Rizwan Rawji, a European businessman, showed scratches on his arms caused by soldiers who had assaulted him while ransacking his home. He escaped and hid in a tree. “After 200 civilians stripped my home and a dozen soldiers arrived and took everything else that had been left,” he said.

Mike Hermanson, a South African businessman, told a South African news agency reporter that the airport buildings had been torn apart by looters and the control tower apparatus had been destroyed. “Kinshasa is destroyed,” he said. “Industry has been . . . burnt down. Nothing but name boards remain of businesses. Cars were taken from showrooms, driven till they ran out of petrol and then stripped to their chassis by the roadside.

“Everything is just gone,” he added. “There is nothing.
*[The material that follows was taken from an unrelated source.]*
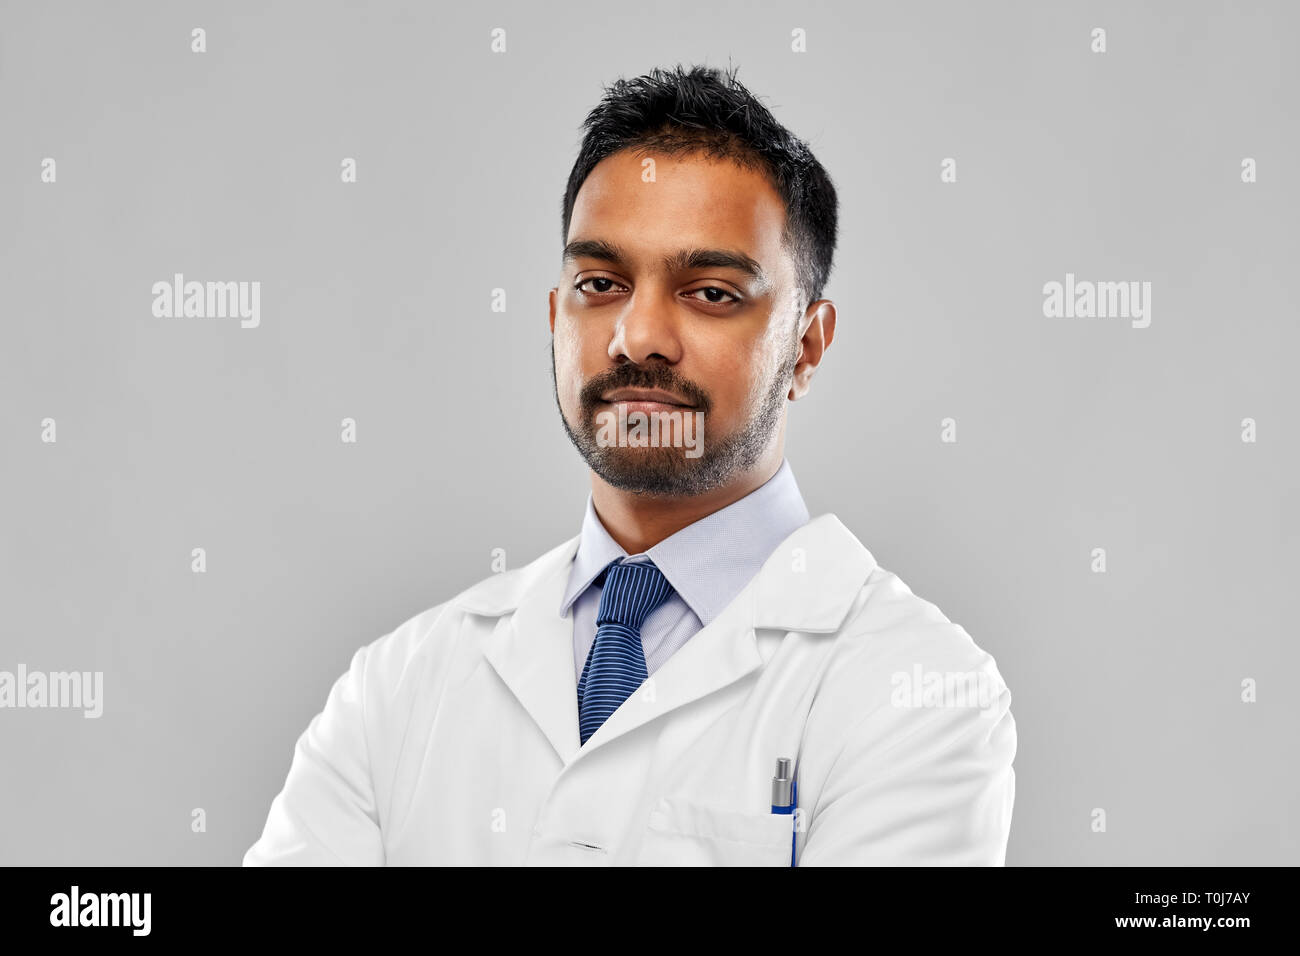 Indian médico o científico en bata blanca Foto de stock

It is hard to conceive.”

In Paris, Le Monde interviewed Catholic priest Paul Vandereedt, who predicted continued rioting after food stocks are exhausted. “In normal times,” he said, “Kinshasa has food supplies for about four days. But with the looting, there’s nothing left. In two or three days, the main part of the population is going to be feeling hunger. Once the French and Belgian troops have left, it will be the beginning of total lawlessness and the beginning of famine. . . . Everybody is afraid, and anyone who says he is not afraid is a liar.”

Tempest reported from Paris and Kraft from Johannesburg, South Africa.